I compiled code with ocaml 4.04 without flambda on a linux machine.

Some of my explanations are empirical, based on my observations from compiled code and reading code from the compiler, and hence maybe incorrect.

## Some Notes on Ocaml Pointers

I assume you are familiar that the 0th word of an ocaml block contains the header (size, GC color and tag of the block). This is not exactly true, as you might find out later, but I think it is worth clarrifying early on! When given a pointer (a value whose the least significant bit == 0), the pointer actually points to the 0th value (i.e: 0th word) rather than the header. To obtain the header, you will need to look at the previous word (eg: mov -8(%rdi), rsi to move the “first” word from a pointer to rsi.)

I believe the main benefit from doing this is performance - when decending the first value of a block recursively (commonly done in functors and looking up functions / closures in modules), the runtime doesn’t have to offset the pointer by the word size at every level. While this corresponds to the same number of instruction on x86, it corresponds a substantially larger number of instructions (up to 2x) on RISC architectures. One can also argue that in CISC architecture, the microcode will probably be bigger due to the offest. As ocaml is statically typed, the runtime doesn’t need the header aside for garbage collection.

## Diving In

For a start, let’s consider a function that takes an argument and returns a pair of functions. The returned function would refer to the first argument in its function body. Hence, the returned function is unclosed as it contains free variables.
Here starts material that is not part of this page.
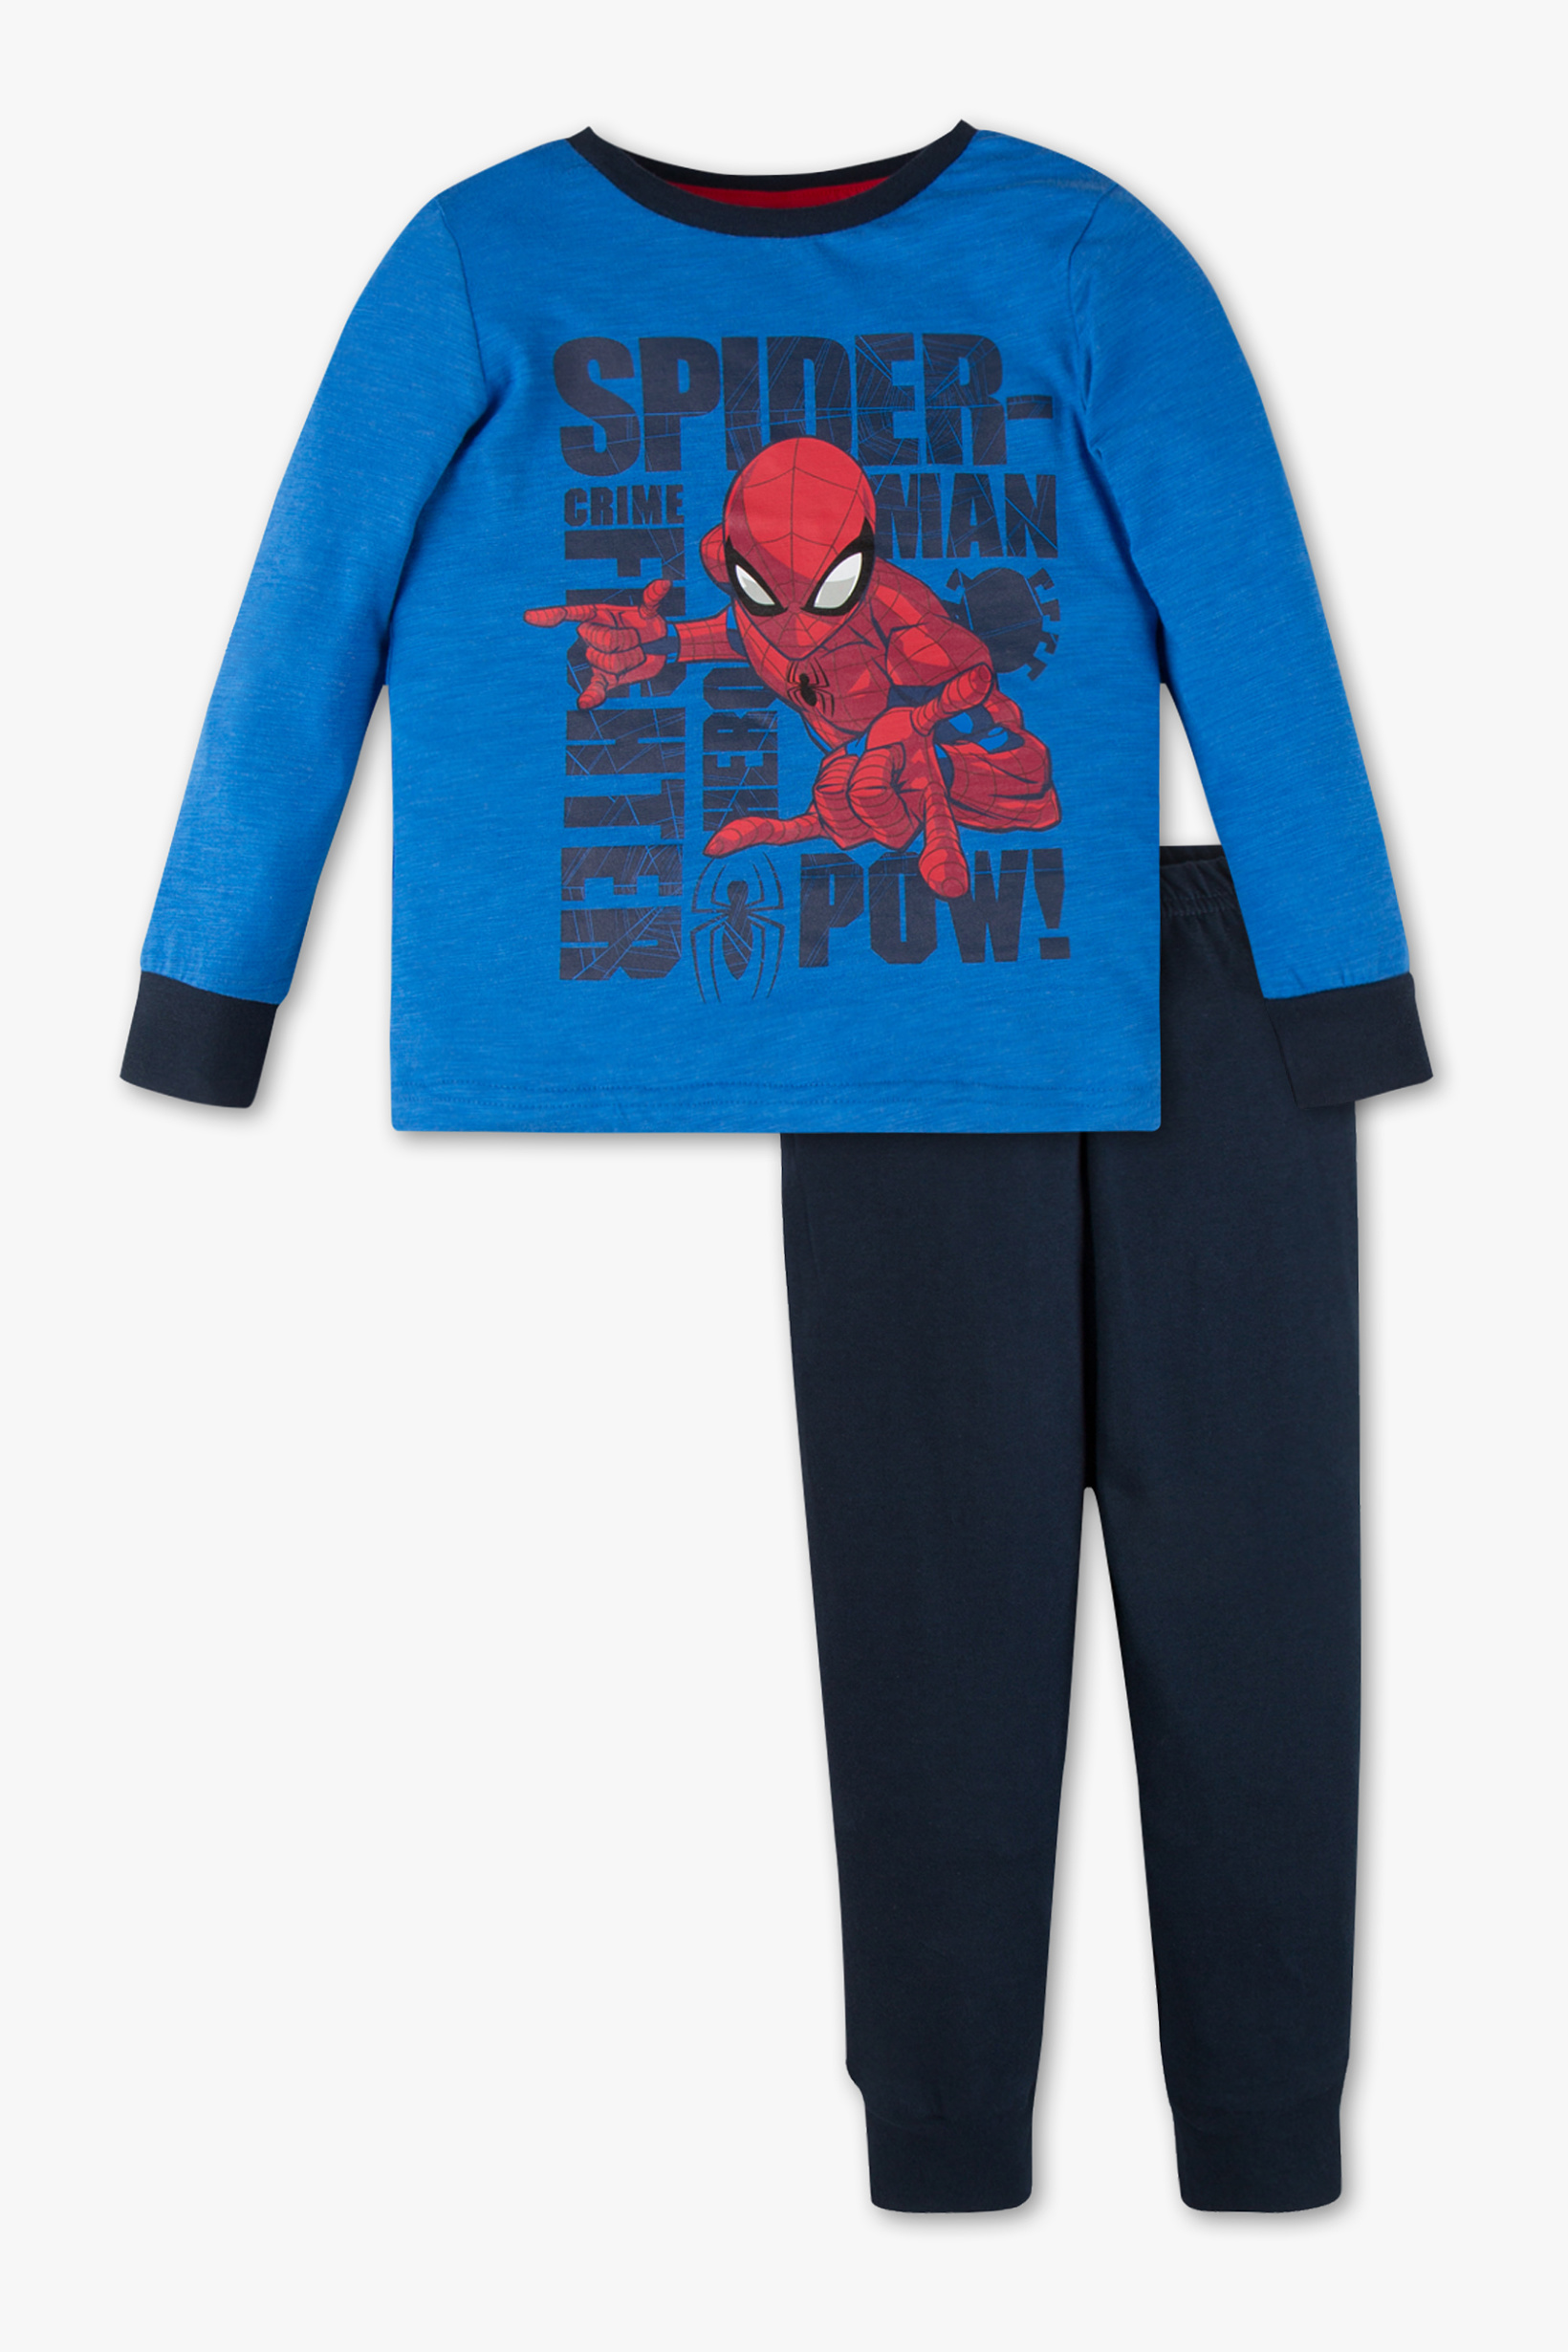 Spider-Man pyjama biokatoen 2-delig

Consider the following code snippet:

(** a.ml **)
let g x : int -> ((int -> int -> int) * (int -> int -> int)) =
let f y k =
if y < x then begin
x
end else begin
y + k - x
end
[@@inline never]
in
(f, f)
[@@inline never]
;;
(* The [@@inline never] forces the ocaml compiler not to inline the function
call. This ensures we get the actual closure representation. It is
unimportant otherwise, for the purpose of this example.
*)


The assembly of the function f is as follows:

camlA__f_1201:
.cfi_startproc
.L105:
movq	24(%rdi), %rdi
cmpq	%rdi, %rax
jge	.L104
movq	%rdi, %rax
ret
.align	4
.L104:
subq	%rdi, %rax
ret


Recall that in ocaml, the order of arguments is rax, rbx, rdi and so on. There are several important things to note here:

• An high order and unclosed function is ultimately compiled to first-order at an assembly level using lambda lifting.
• An unclosed function references the free variables via an additional environment argument after performing In the case of ocaml, the environment argument is passed in as the final argument of the function. (Hence, the number of arguments added is not proportional to the number of free variables - only one argument is added regardless of the number of FV)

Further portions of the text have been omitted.